Consequently, the economic debt that is left to future generations depends on
the state (health, resilience, quality, and fitness) of the kete of real resources
the portion of the real resource kete that is required to be devoted to the generation of export income
Where the state of this resource kete is not fit for purpose for future challenges, then the investment required to enhance, modernise, and lift their quality and capability are a measure of the economic debt to be borne by future generations.
Where the quantum of real resources required for future export income severely curtails the choices and opportunities of future generations, then that also reflects the economic debt left to future communities of Aotearoa. This is a measure of real resources – that are nominally a legacy for future generations to enjoy – but, in actuality, over which they have little influence or control.
In essence, the destiny of the future communities of Aotearoa is intrinsically connected to the real resources over which they will have control – that is, their economic sovereignty.
Rainy day surplus for fiscal headroom
And, now, it is perhaps pertinent to refer to a couple of other, related, homilies.
The rainy day surplus is prudent. On the other hand, there’s not much point in having a surplus in anticipation of future rainy days, when many of your people are already under water.
Fiscal headroom is needed just in case of emergencies. On the other hand, in the event of an emergency I suspect a stash of food, water, clothing, shelter, and medical supplies, may be more useful than that stash of cash surpluses from yesteryear.
In a nutshell, economics takes priority over financials.
Access to well-maintained fit-for-purpose real resources are the legacy that future generations will welcome.

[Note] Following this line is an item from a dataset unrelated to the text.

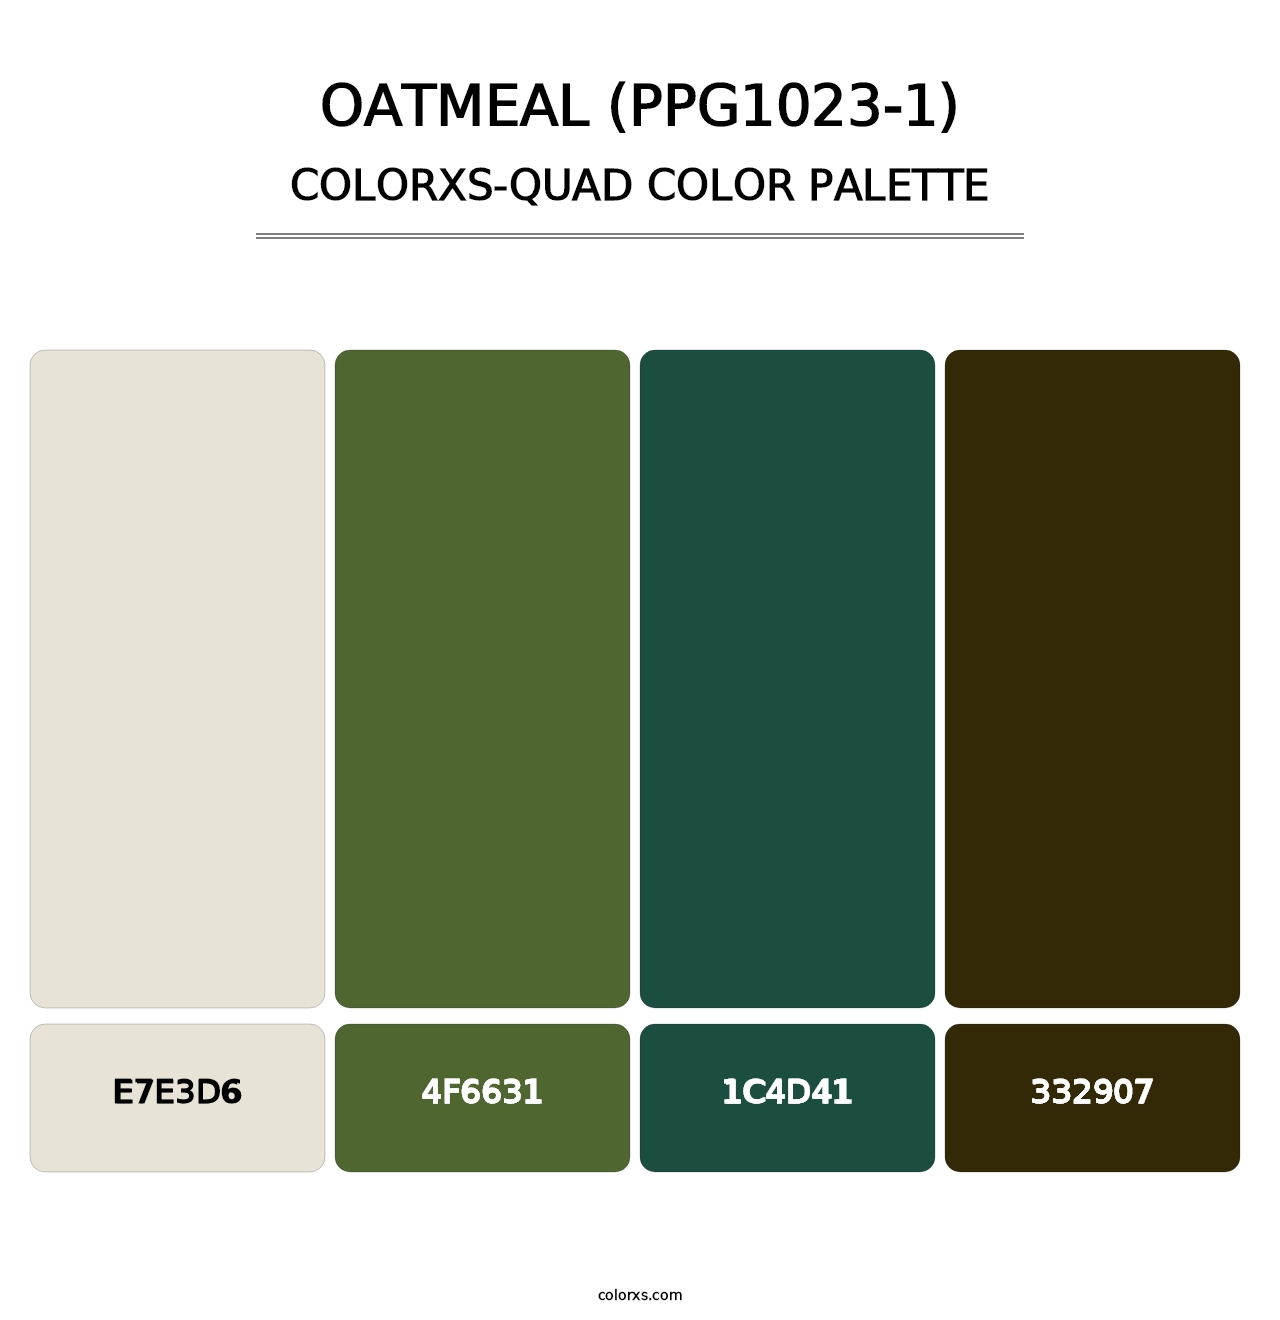 Oatmeal (PPG1023-1) - Colorxs Quad Palette

Prudent financial performance statements are likely to be met with cynicism. Especially if the accompanying legacy is a real resource kete comprising a range of depleted and dilapidated network connections and facilities, a dispirited workforce heading for pastures beyond, parched waterways and land blocks with drained nutrients, and communities struggling to search for belonging.
Control over future decisions – the economic sovereignty of hapū, region, community, or nation – is undoubtedly tied up with the quantum, state, and health of the resource kete we leave for the future generations of Aotearoa.
Debt or legacy? Yes, absolutely, that is what we leave our children. But, our children, and tamariki, and their mokopuna, deserve way more thought in our decision-making than unthinkingly abiding by and paying homage to – praise be –a clickbait homily.
The term real is used here (and throughout this note) and in economics to distinguish from financial. Financial resources are limited to money, cash and bank balances; whereas real resources include the broad range of elements required to advance society and deliver on community aspirations.